While Ann checked out the ground for a smooth ride, Liz made it to the other side of the cement blocks. But like my Mini on some roads where I scratch bottom, the curb was too tall on the other side for her chair to make it down. Ann said it could break her wheels.

Well, Liz wasn’t at all happy about that, honestly, not at all. And this is where I noticed our true sisterhood. Don’t tell us we can’t do something. It will only drive us forward!
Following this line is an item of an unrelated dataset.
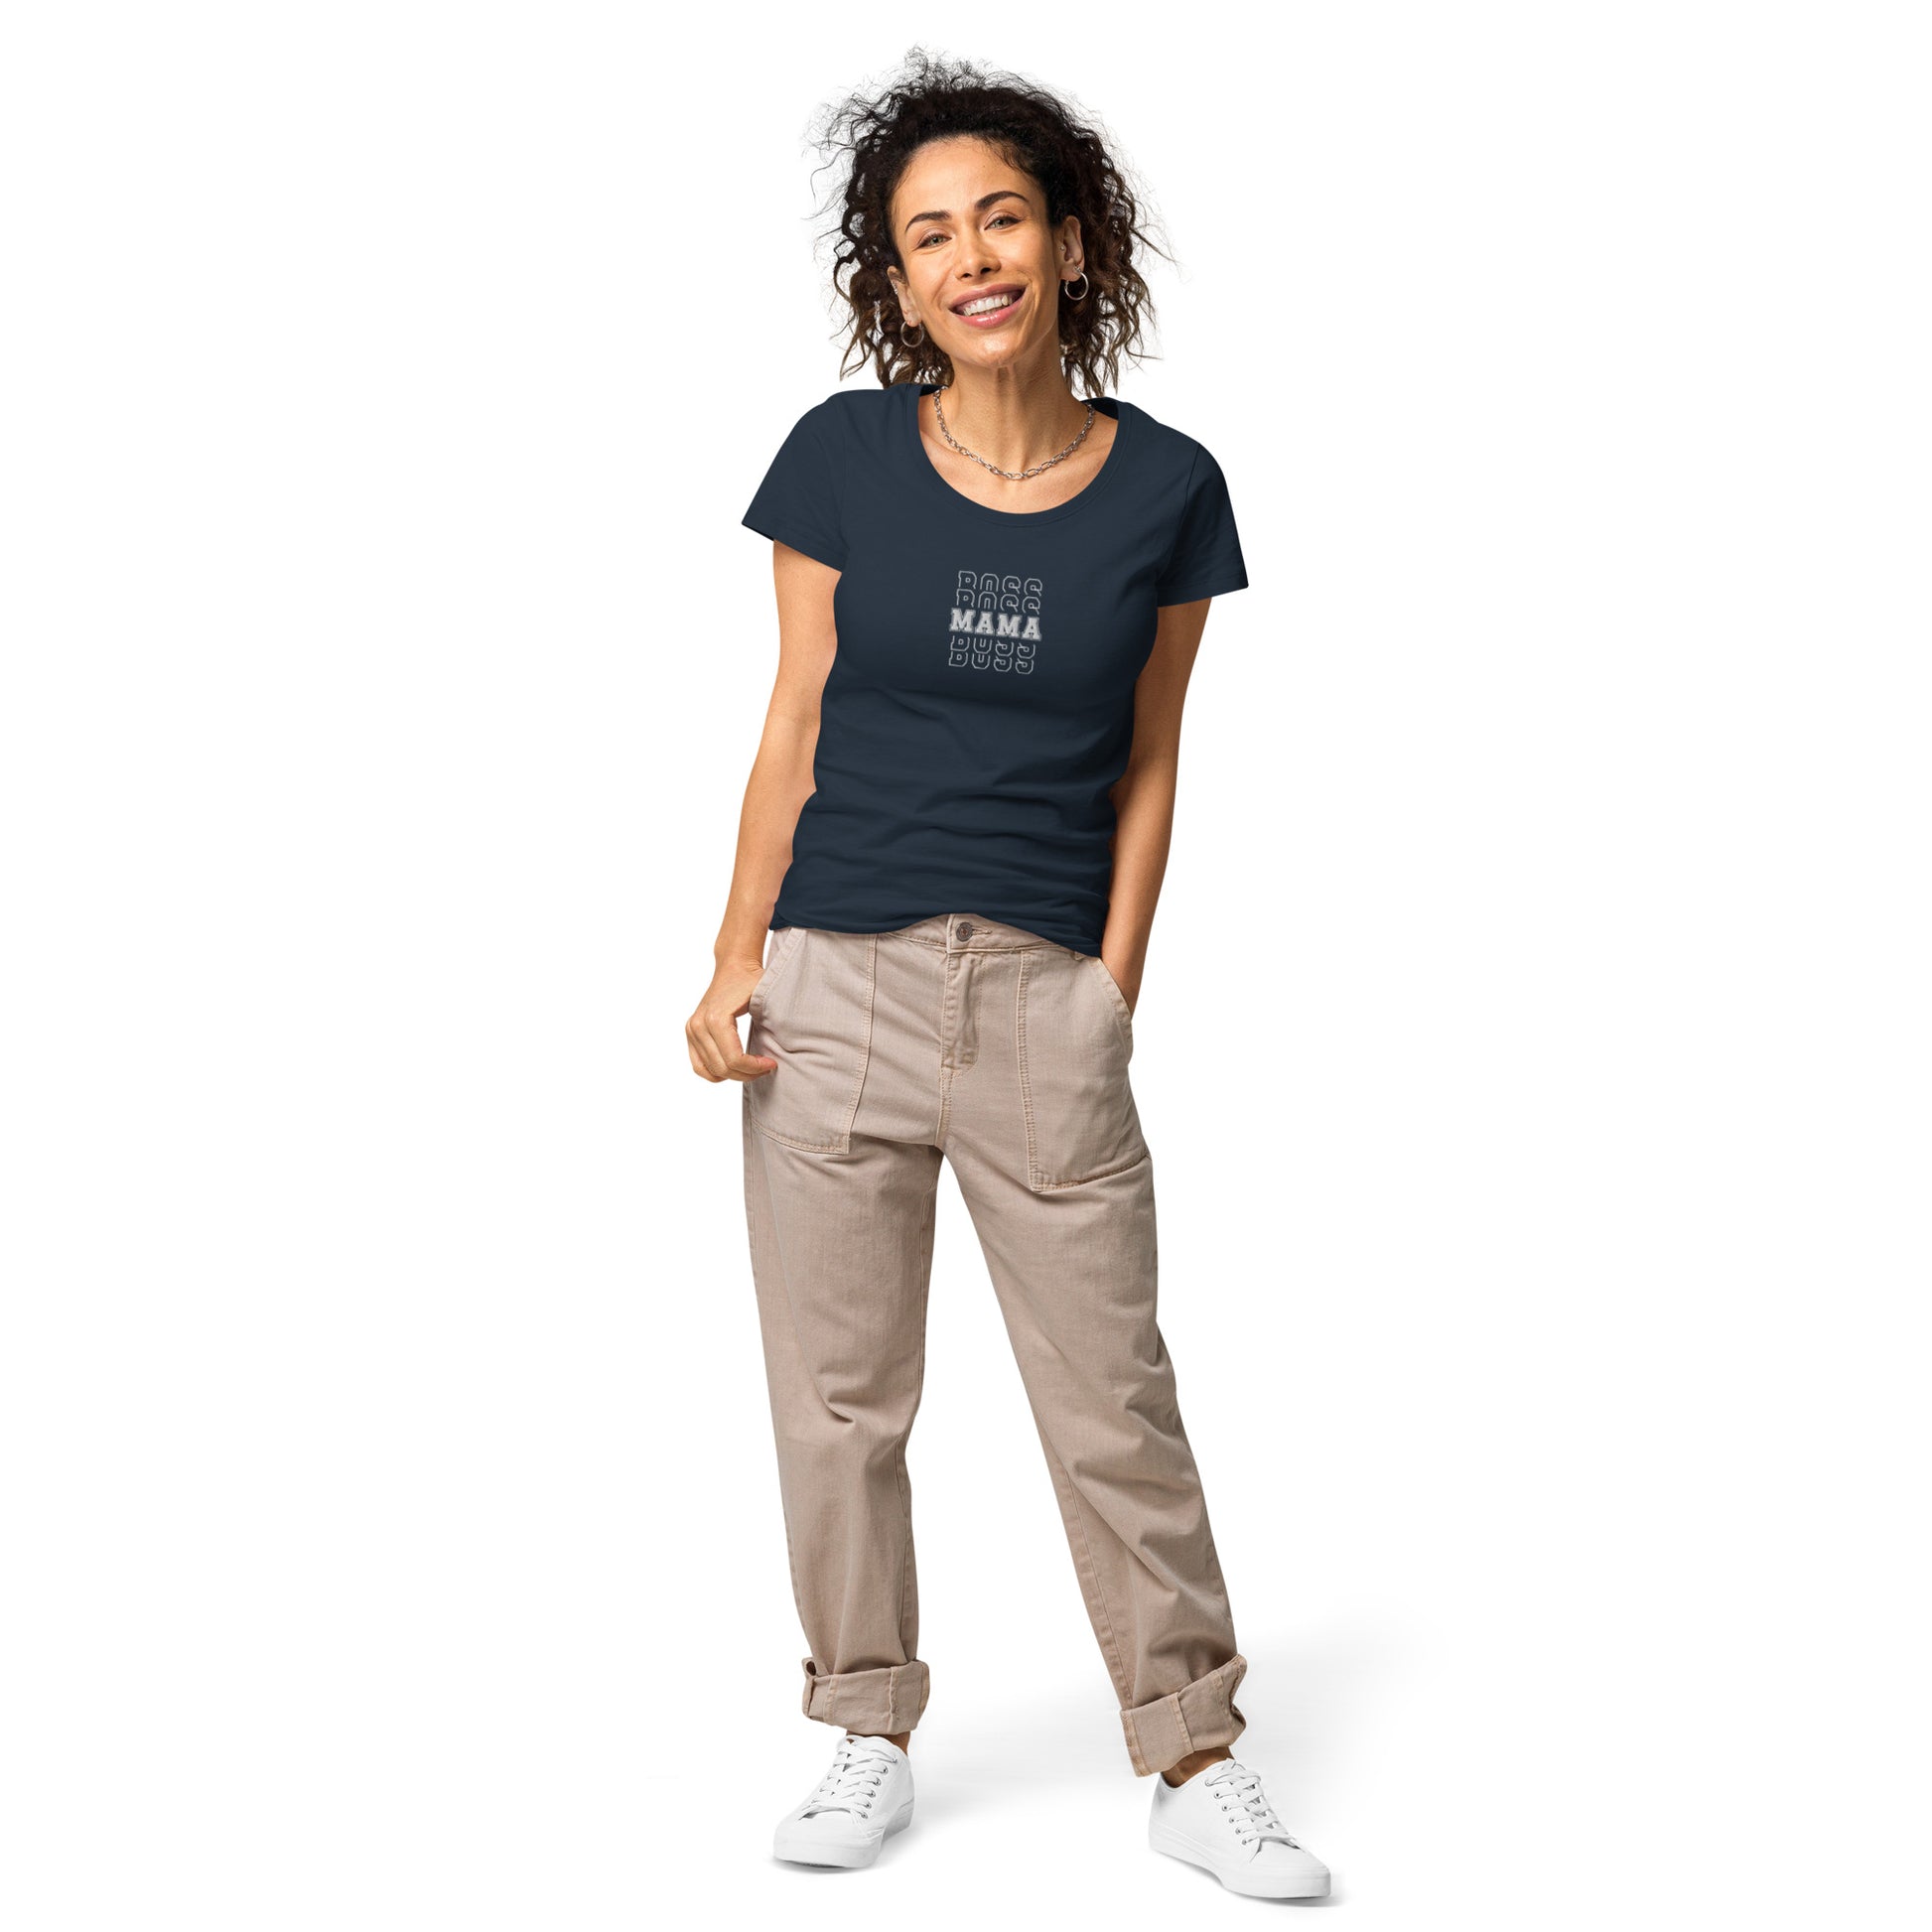 Boss Mama Women’s basic organic t-shirt - French navy / S -

We’ll be back, hopefully next Tuesday or Wednesday, with a new story. In the meantime, I’ll let the Friends of Lake Park know we need a plank to make Snake Hill truly Accessible. Or we’ll bring our own 2 x 4!

Fellow writers at work


And one for the road:

Forget about what’s happened; don’t keep going over old history. Be alert, be present. I’m about to do something brand-new. It’s bursting out! Don’t you see it? There it is! I’m making a road through the desert, rivers in the badlands.” Isaiah 43: 18-19 (The Message) I love Eugene Peterson’s interpretation: “making rivers in the badlands”. Let’s do it!